ARI SHAPIRO, HOST:
The Army has announced that it will set tougher physical standards. The changes are expected to especially impact women in combat roles. This comes almost a decade after those jobs were opened to female troops, and the new secretary of defense has said women don't belong in combat. WUNC's Jay Price reports.
JAY PRICE, BYLINE: The Army says the changes to the twice-annual physical fitness test comply with a bill Congress passed back in 2023. It mandated tougher minimum standards. But that was only one catalyst.
BOB UNDERWOOD: The history is a bit longer and more complicated even than that.
PRICE: Col. Bob Underwood led the Army-wide review of the fitness standards. He said the changes are part of an evolution that's been going on for decades, including a major new test in 2022.
UNDERWOOD: And we knew from the time that we started rolling out this test....
PRICE: The 2022 test.
UNDERWOOD: ...It was going to change our fitness culture and change the demands on soldiers' time.
PRICE: And so, he said, the Army almost immediately began revisions. Also, he said, obviously, the Army has to comply with policies set by the administration. Last month, Secretary of Defense Pete Hegseth ordered all the services to begin work on gender-neutral physical standards for the combat arms specialties, such as infantry, artillery, armor and special operations. Because Hegseth has said women don't belong in combat, that raised suspicion among female troops and veterans.
EMELIE VANASSE: It's a little exhausting (laughter) to have this conversation again.
PRICE: Emelie Vanasse was one of the first women to graduate from the Army's notoriously difficult Ranger School after it was opened up to them. Now a civilian, Vanasse says she considers any debate over whether women can perform well in combat roles long over. Thousands of women now serve in those jobs.

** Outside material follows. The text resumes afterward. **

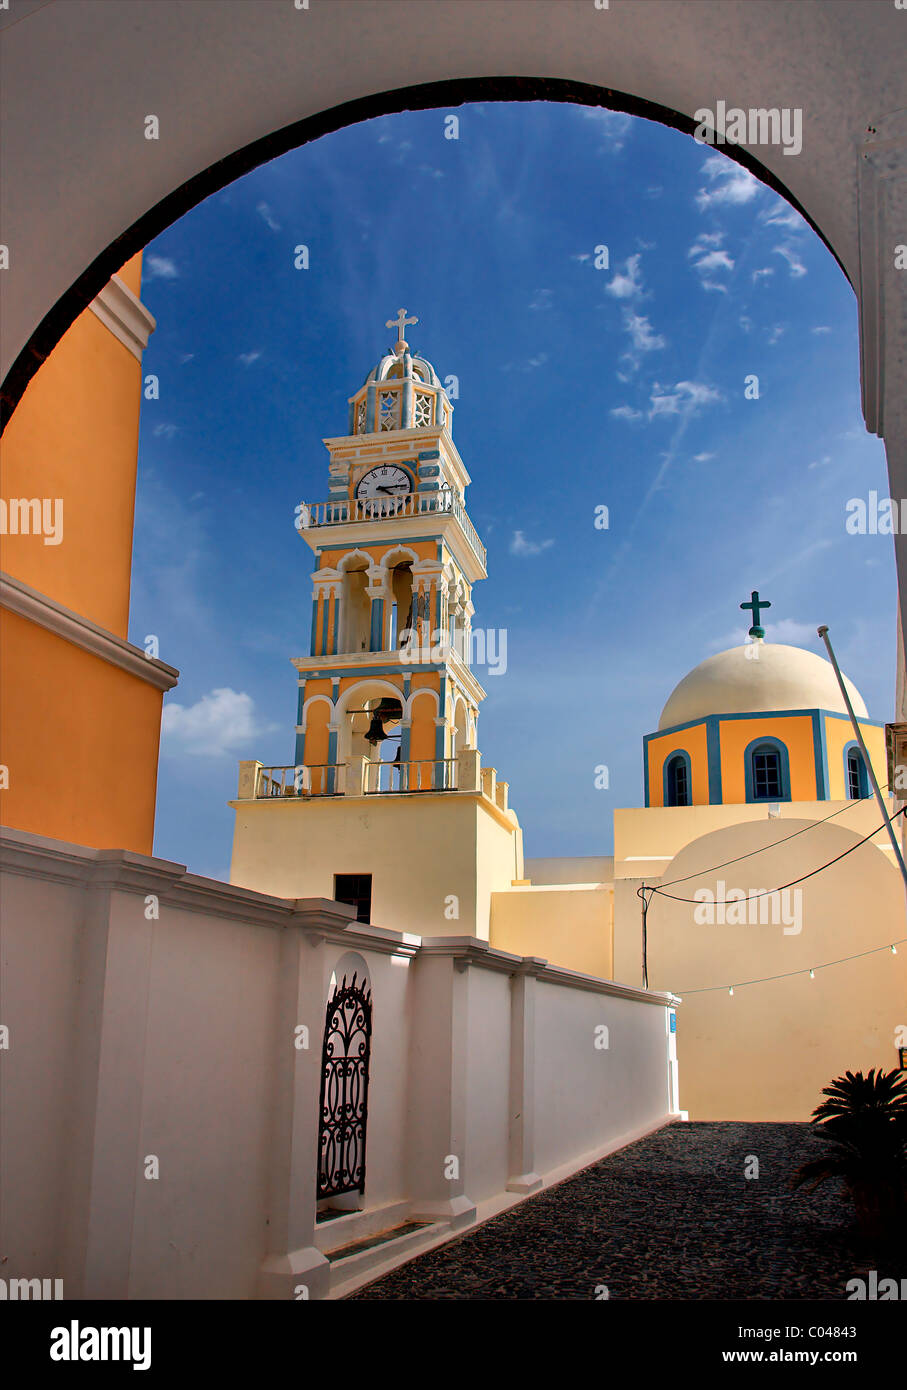 The Catholic church in Fira village, Santorini island, Cyclades, Greece Stock Photo

The test grades soldiers on five activities, including push-ups, a two-mile run and lifting weights. Combat jobs require higher scores. It had been scored differently based on gender and age. For soldiers who aren't in combat specialties, that won't change, but the standards for combat jobs will become gender neutral. Underwood said that might have happened regardless of who was in charge.
UNDERWOOD: We work hard to make sure we meet law and policy. We've been looking at these questions for a long time.
PRICE: For example, he said, the Army ran a gender-neutral trial of the weightlifting part of the test last year. The fact that older troops in combat jobs will still get graded on a curve, though, caught Charley Falletta's eye.
CHARLEY FALLETTA: If the secretary of defense was genuinely concerned about holding all soldiers to the same physical standard, then he would also remove the age norms.
PRICE: Falletta also graduated from Ranger School and was in the first group of gender-integrated women in the Army's armor branch. She led a mortar platoon in Afghanistan. She and Vanasse agree women should meet the same standards as men for combat jobs. But Falletta says keeping age adjustments while removing those for gender suggests the change is less about fairness or readiness and more about placing new barriers in the path of women.
FALLETTA: To me, this looks like policy crafted by older male leaders to insulate themselves from the consequences of their own logic, while applying that logic harshly to younger women in the ranks.
PRICE: Underwood, the Army colonel who helped craft the changes, said keeping the adjustments for age reflects the reality that older troops - male or female - are more likely to be in leadership positions that pose fewer physical demands. Falletta says most women in combat jobs now will be able to pass the revamped test, but inevitably, their scores will fall because they'll have tougher tasks. That's a problem because the test scores are part of how soldiers, especially enlisted troops, are evaluated for promotion. Underwood says the concern is valid and to expect adjustments to help deal with it.
UNDERWOOD: I know that the folks that run promotions in the Army are looking at precisely these kinds of problems.
PRICE: The new Army fitness test will be phased in beginning in June. For NPR News, I'm Jay Price in Durham, North Carolina.